Findings from peripheral monocyte cell cultures taken from patients with active CD and animal models of acute colitis have shown that statins have the potential to ameliorate the inflammatory response (Sasaki et al., 2003; Grip et al., 2004; Jahovic et al., 2006; Lee et al., 2007). However, statins have never been tested in the treatment of CD.

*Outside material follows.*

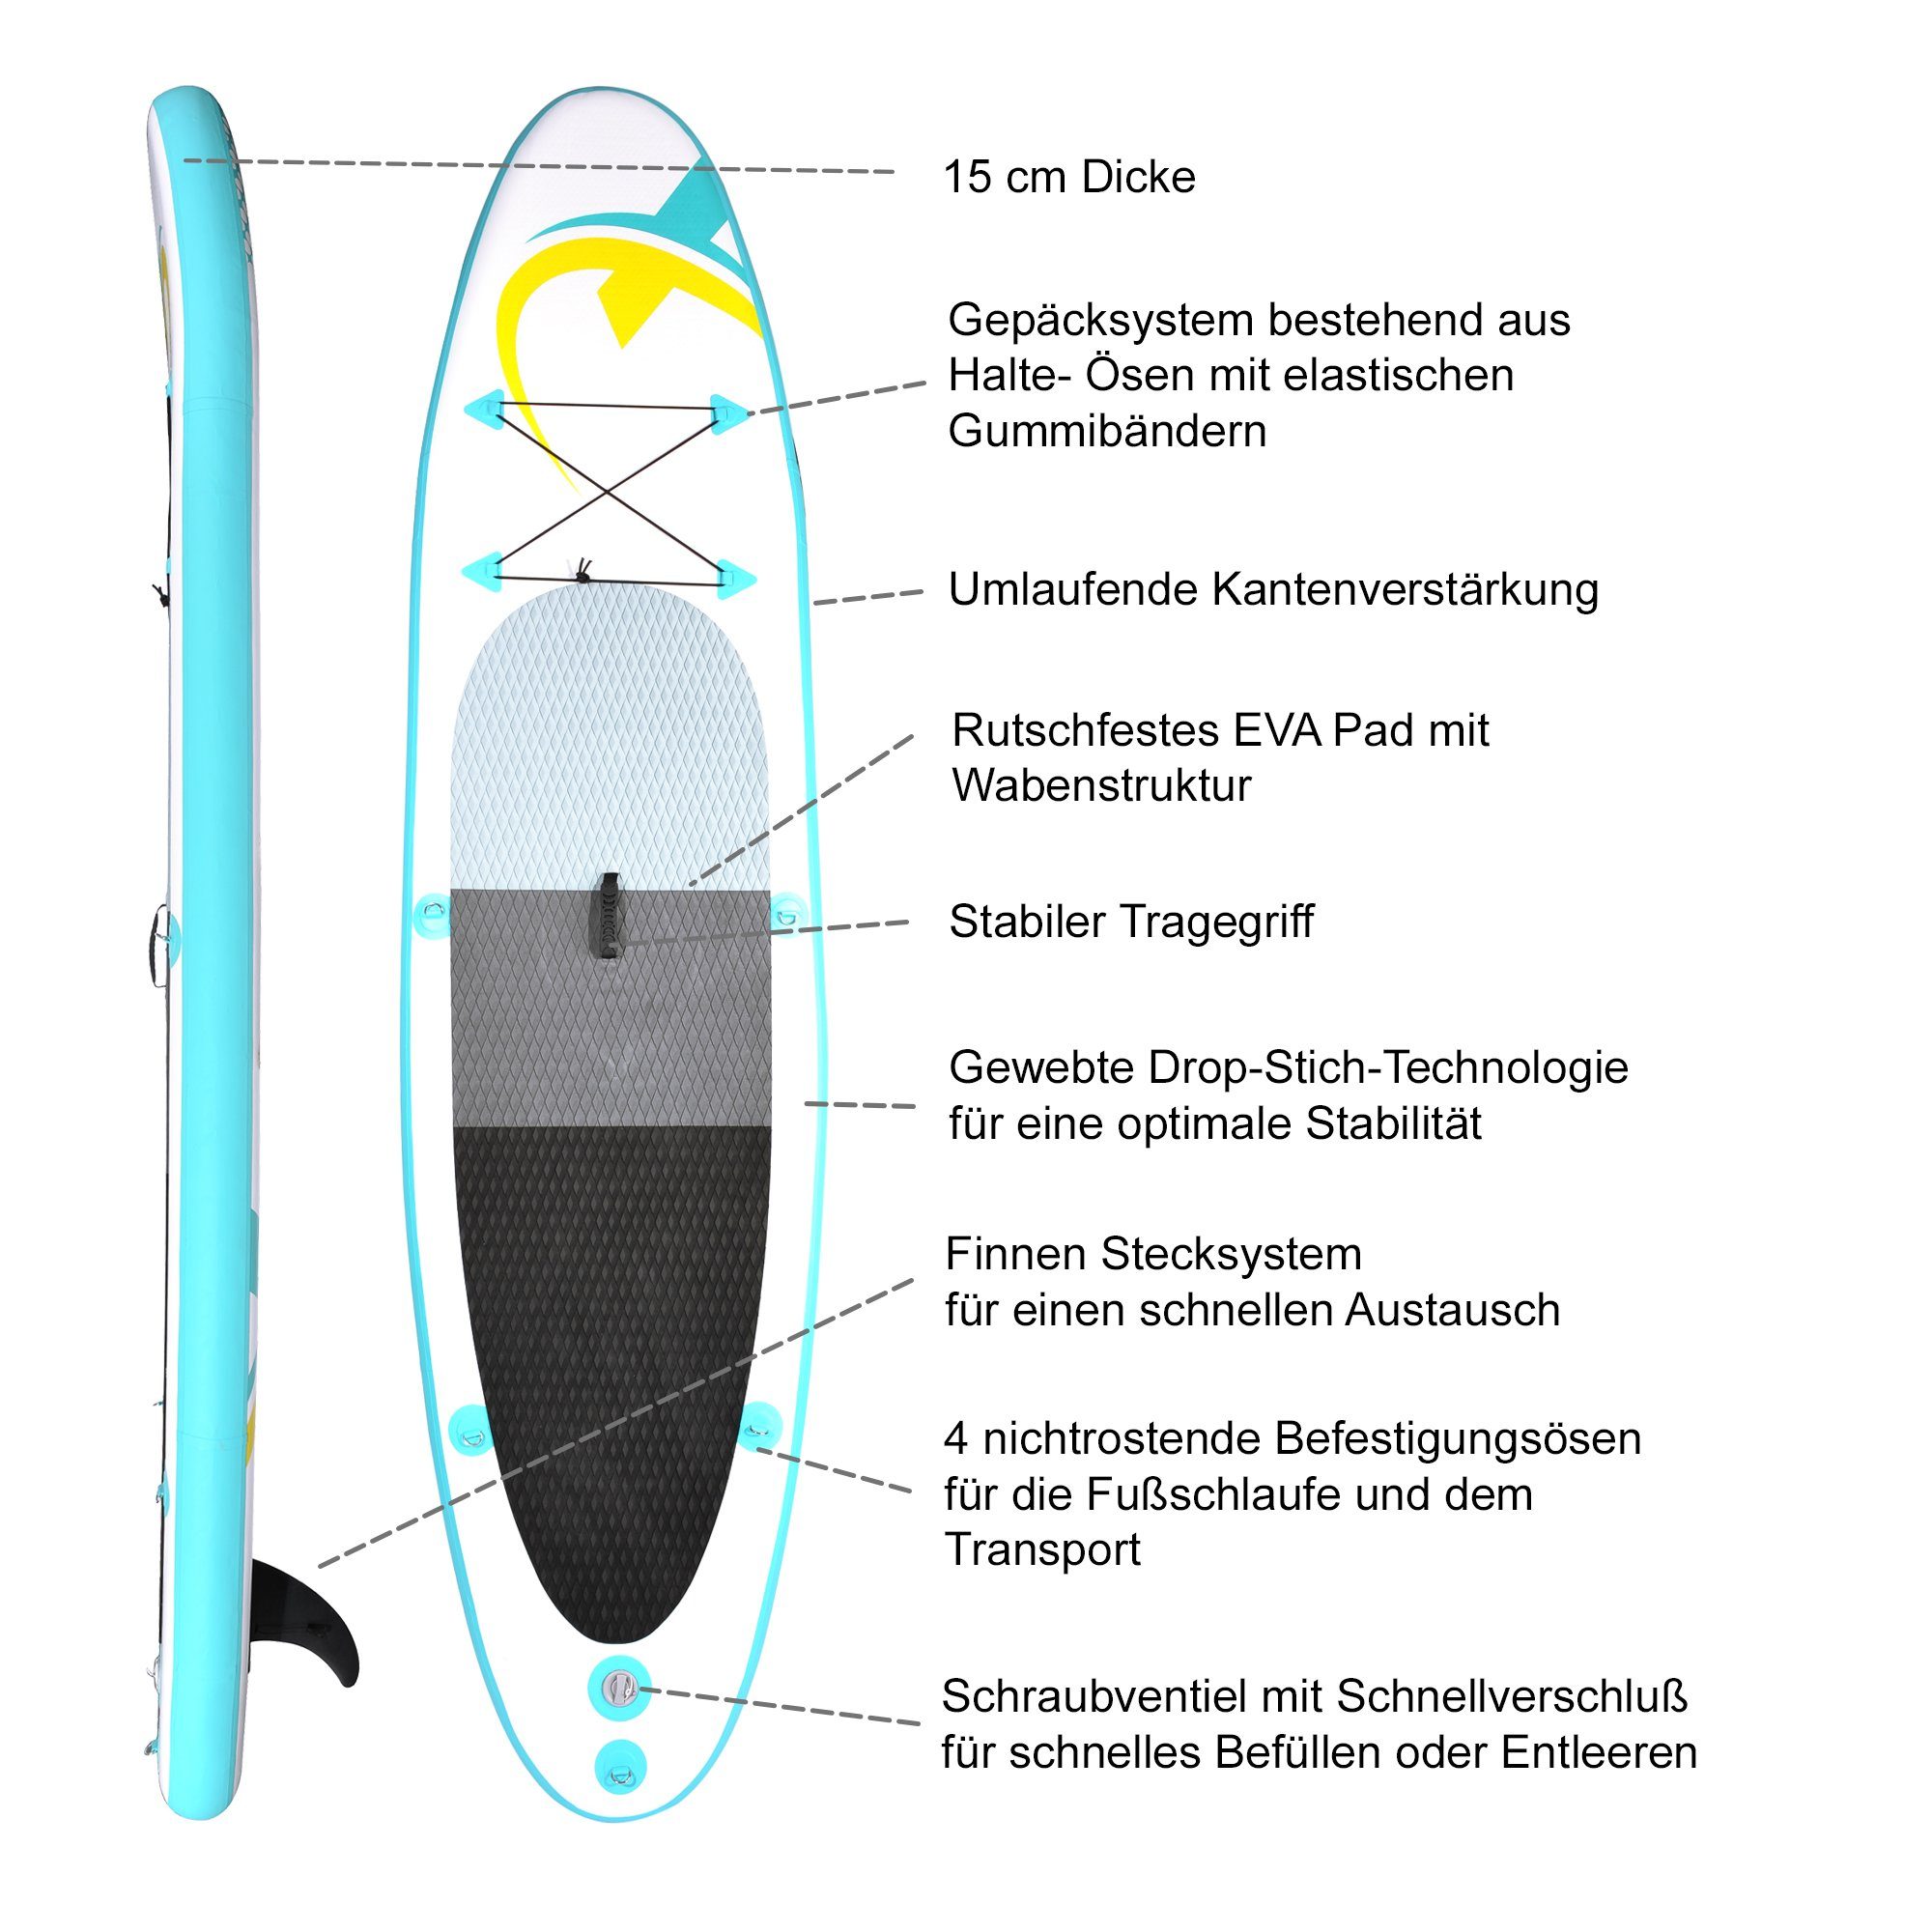 NEMAXX Inflatable SUP-Board, Nemaxx Surf-Board zu inkl. aufblasbar 320x78x15cm, Stand türkis/gelb Paddel - - up - & Board Tasche, PB320 Paddle transportieren Surfbrett, leicht

We undertook a small clinical trail to assess whether atorvastatin can reduce inflammatory processes in patients with CD. To evaluate the inflammatory status, a number of markers known to be increased during active inflammation was measured—high-sensitive CRP, soluble (s) CD14, TNF-α, sTNFRI and II, CCL2 and 8 and faecal calprotectin (Tibble et al., 2000; Martinez-Borra et al., 2002; Banks et al., 2003; Solem et al., 2005; Pastor Rojo et al., 2007; Spoettl et al., 2007). Moreover, we measured the expression of two chemokine receptors, CX3CR1 and CCR2, linked to certain monocyte subsets in patients with active CD (Grip et al., 2007).

Methods

Patients

Patients with a confirmed diagnosis of CD and elevated levels of plasma CRP (>2.0 mg L−1) were included in the study. The patients lacked clinical signs of infection or intestinal perforation, and the results of examinations of stools for pathogens and Clostridium difficile toxin were negative. The patients excluded were those with a CDAI (Best et al., 1976) >450; inability to give informed consent; ongoing lipid-lowering treatment; previous side effects to statin treatment; prednisolone dosage above 15 mg day−1 or change in dosage within the 4 weeks before the first visit; change in dosage of immunosuppressive drugs within the 12 weeks before the first visit; clinically significant kidney disease or aspartate aminotranspherase, alanine aminotranspherase, or kreatinine kinas more than twice the upper reference level; and pregnancy, breastfeeding or planned pregnancy.

Study design

The study was designed as an open, single centre, exploratory study in which the patients were offered 80 mg atorvastatin once daily as a supplementary treatment for 13 weeks. Baseline drugs were kept unchanged. Patients were followed up for weeks 0, 2 (initiation of treatment), 6, 15 (end of treatment) and 23. The study was approved by the Medical Products Agency, the Regional Ethical Review Board and monitored according to the Good Clinical Practice. The study was registered at ClinicalTrials.gov: NCT00454545.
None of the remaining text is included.